**Task item**
What you return should match the data below exactly, with no pictures in it.

**Raw data**
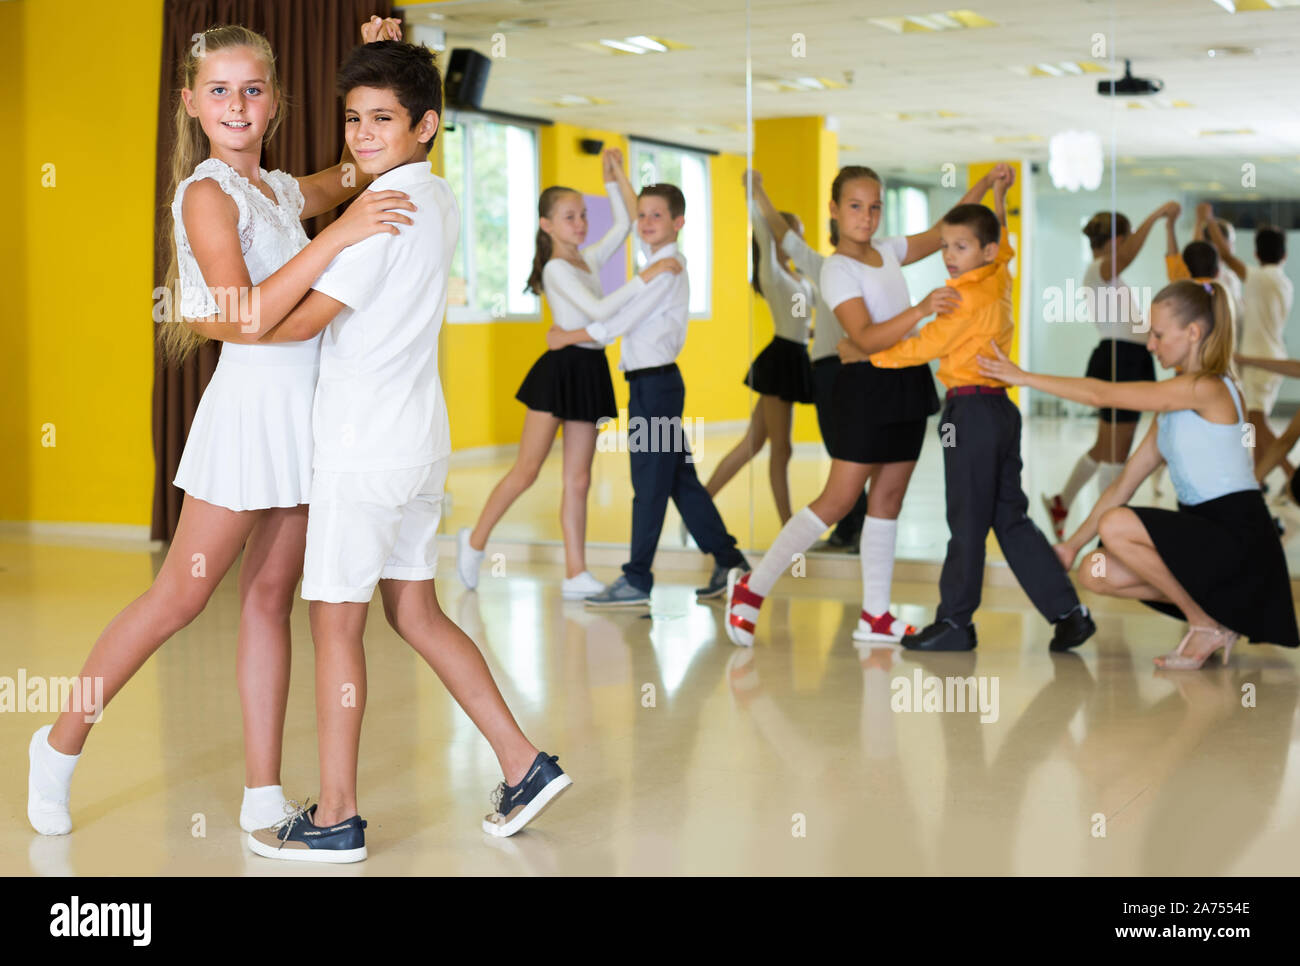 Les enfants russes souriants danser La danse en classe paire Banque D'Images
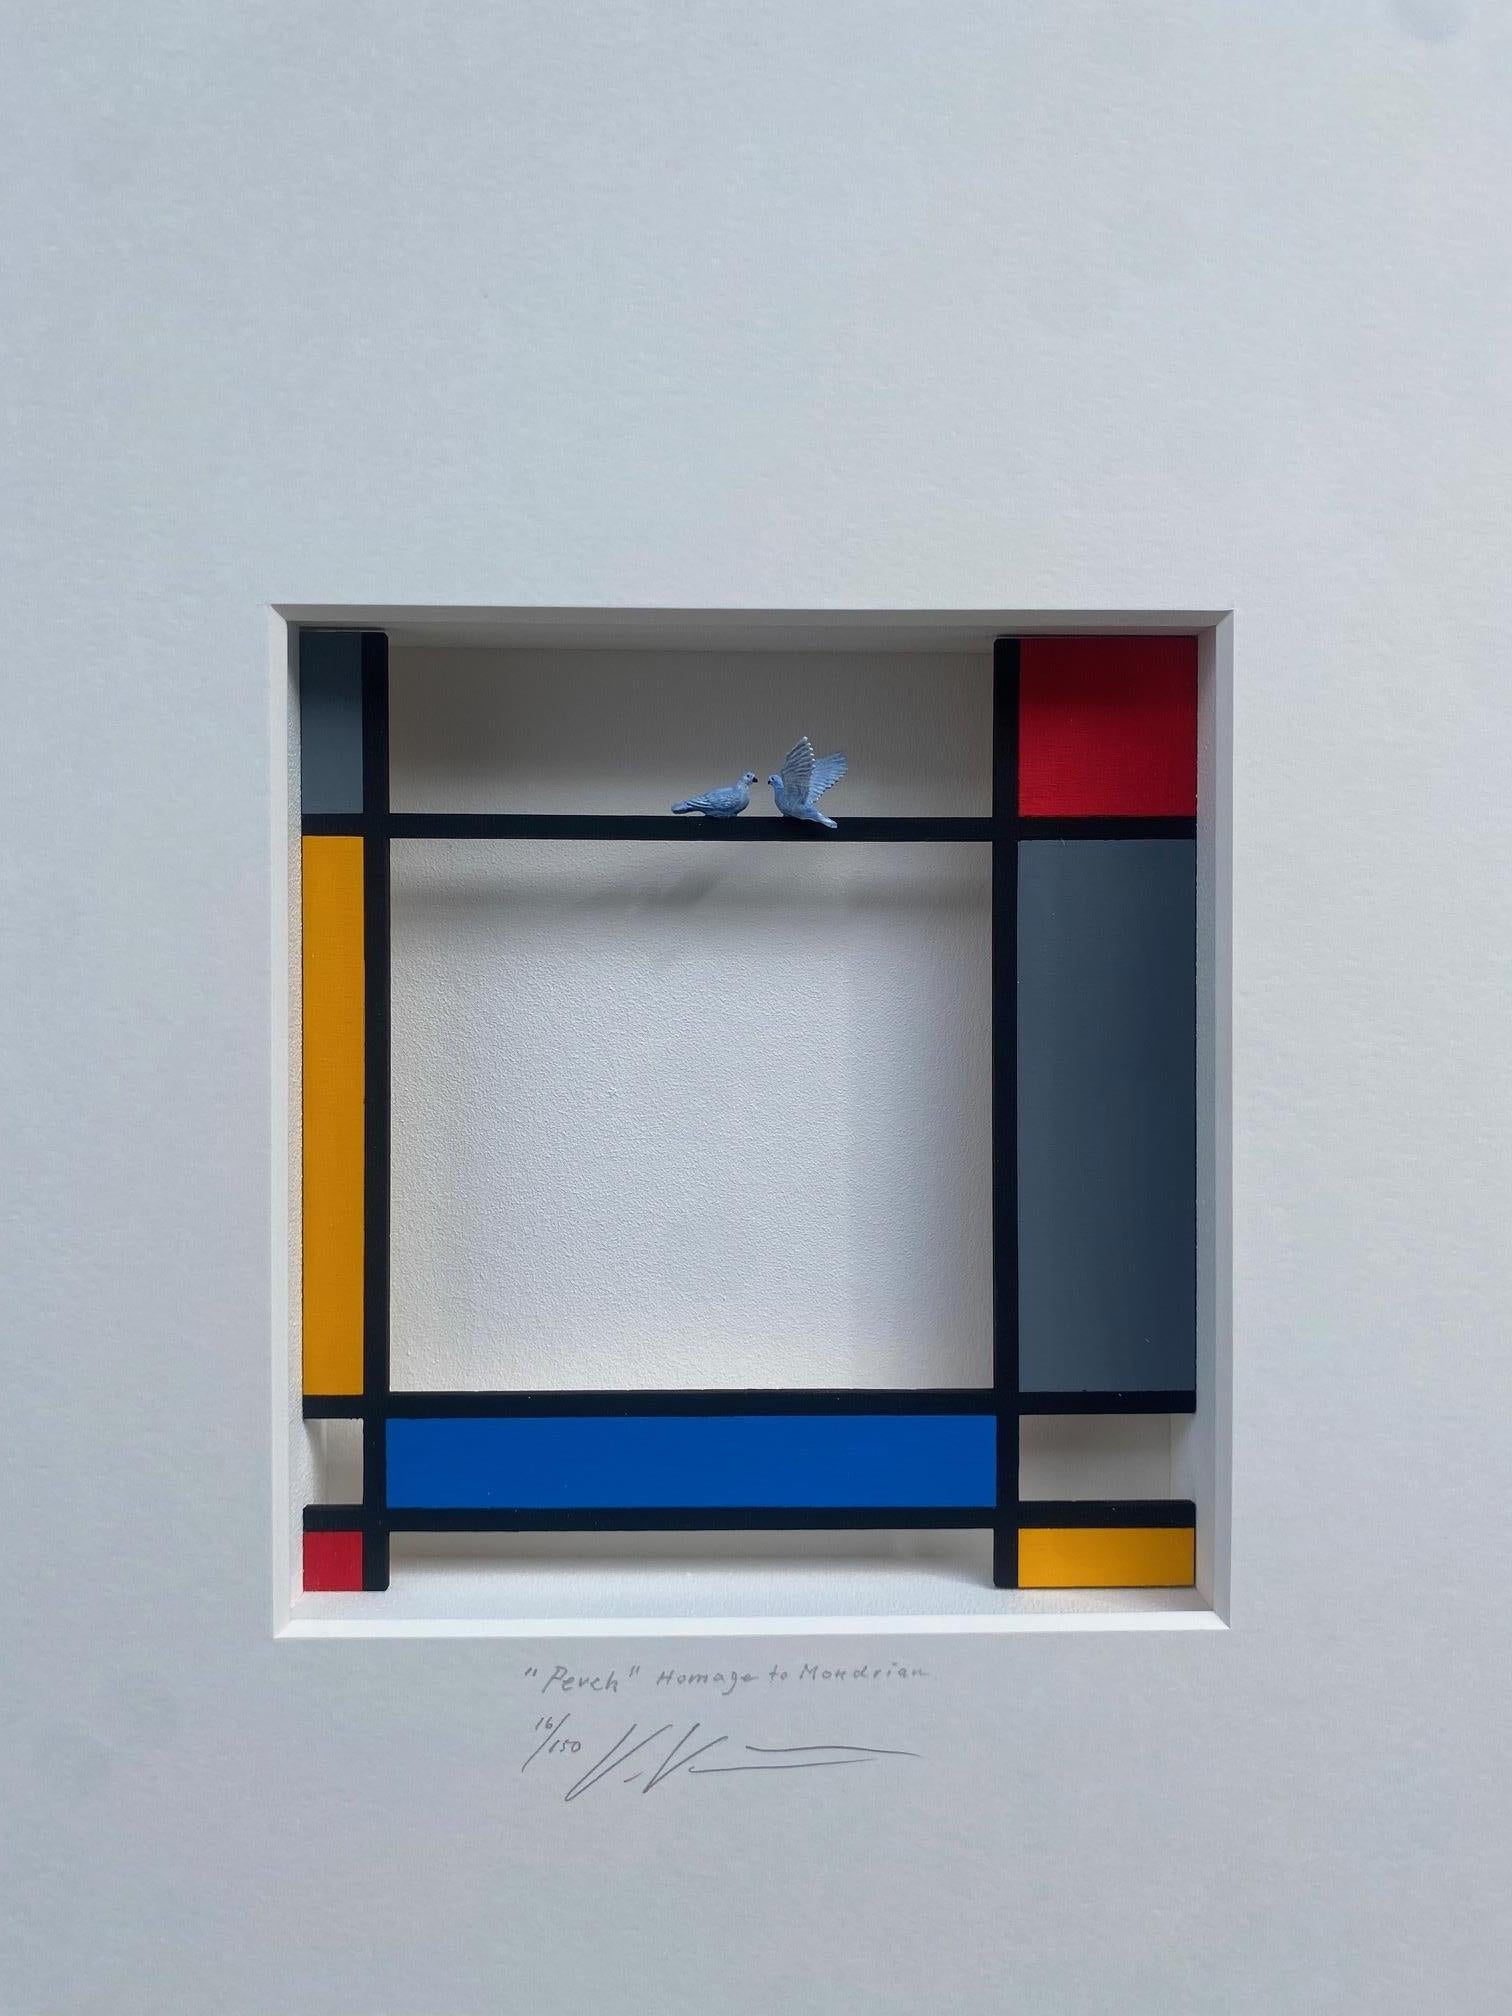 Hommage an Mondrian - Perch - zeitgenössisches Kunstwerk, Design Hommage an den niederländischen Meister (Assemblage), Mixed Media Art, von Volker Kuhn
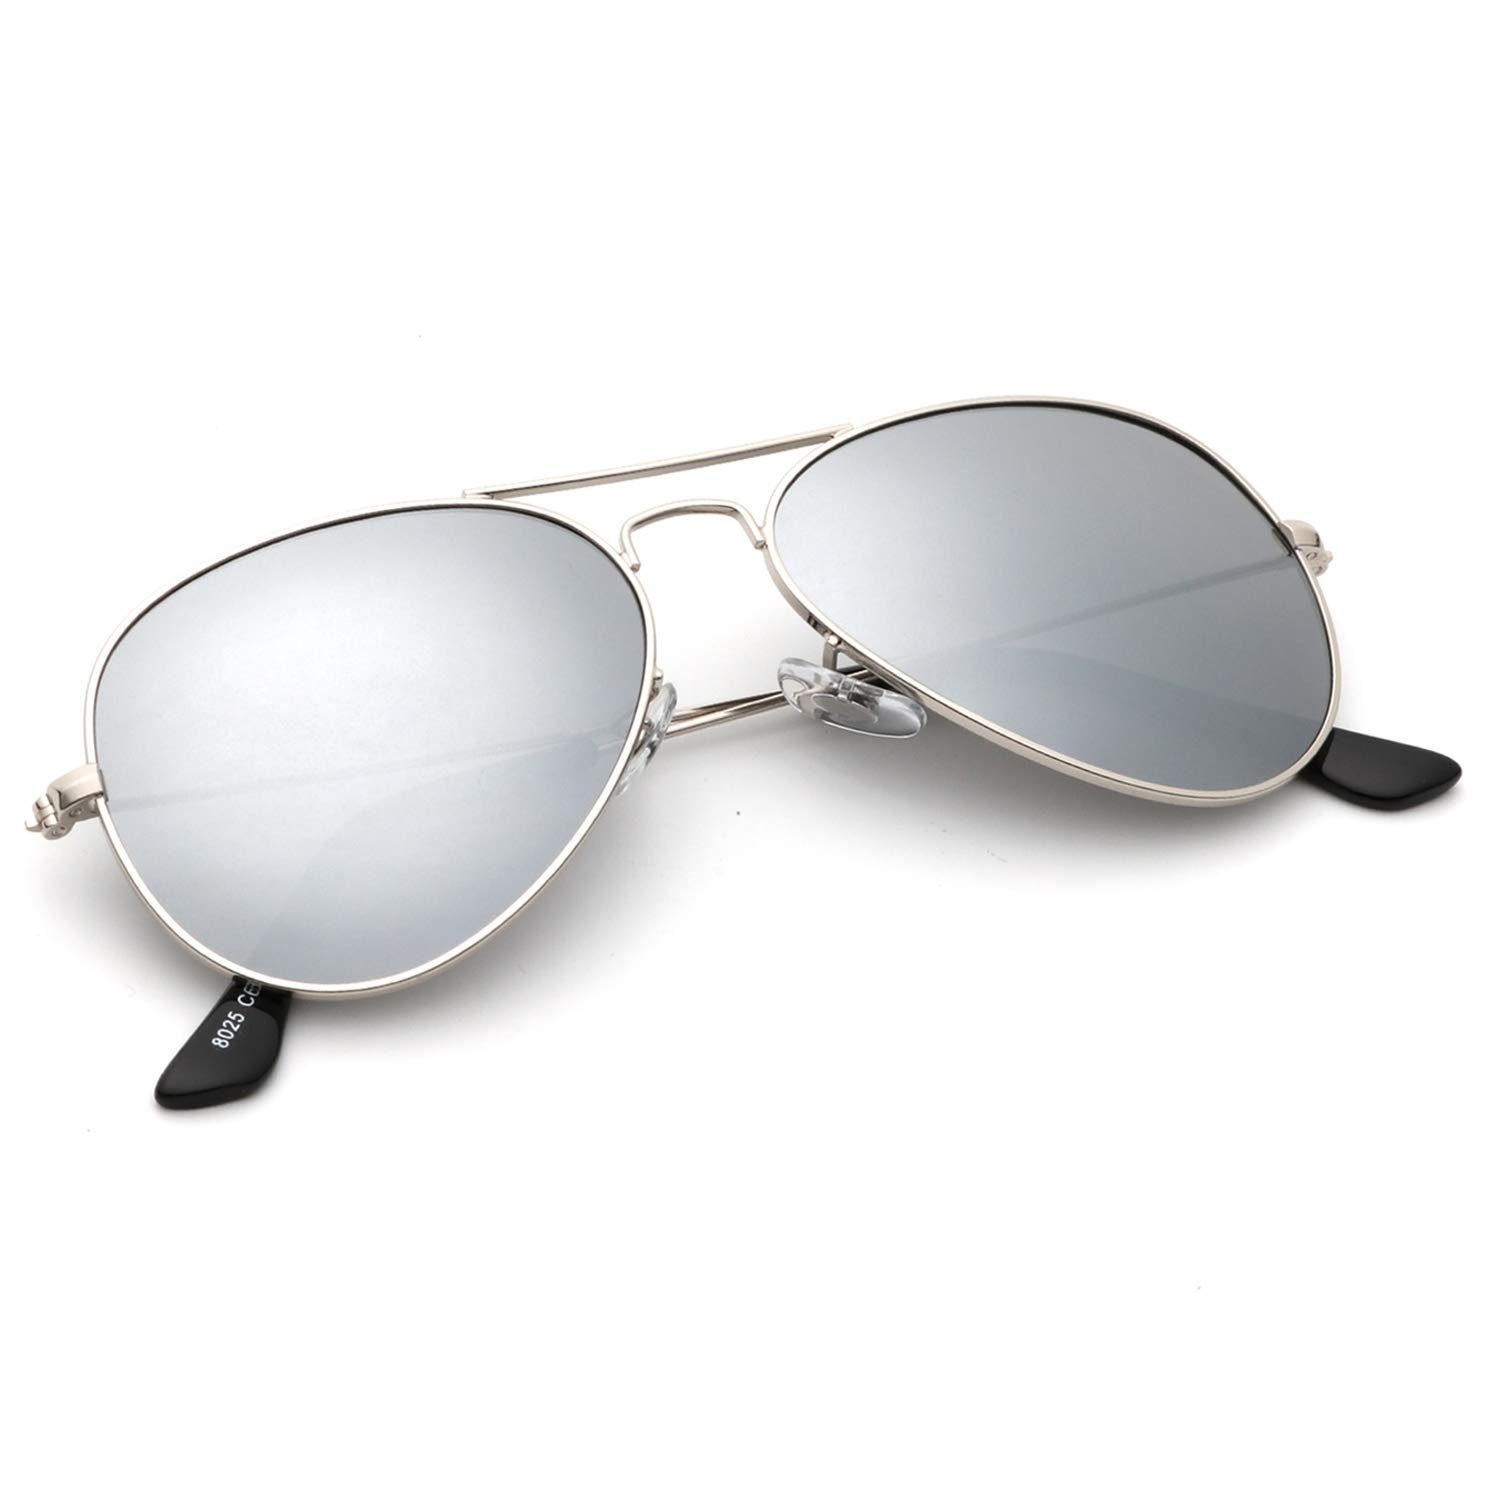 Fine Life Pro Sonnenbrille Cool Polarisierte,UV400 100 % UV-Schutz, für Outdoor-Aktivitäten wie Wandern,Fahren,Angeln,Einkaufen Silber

**Answer to this task**
 Les enfants russes souriants danser La danse en classe paire Banque D'Images
 Hommage an Mondrian - Perch - zeitgenössisches Kunstwerk, Design Hommage an den niederländischen Meister (Assemblage), Mixed Media Art, von Volker Kuhn
 Fine Life Pro Sonnenbrille Cool Polarisierte,UV400 100 % UV-Schutz, für Outdoor-Aktivitäten wie Wandern,Fahren,Angeln,Einkaufen Silber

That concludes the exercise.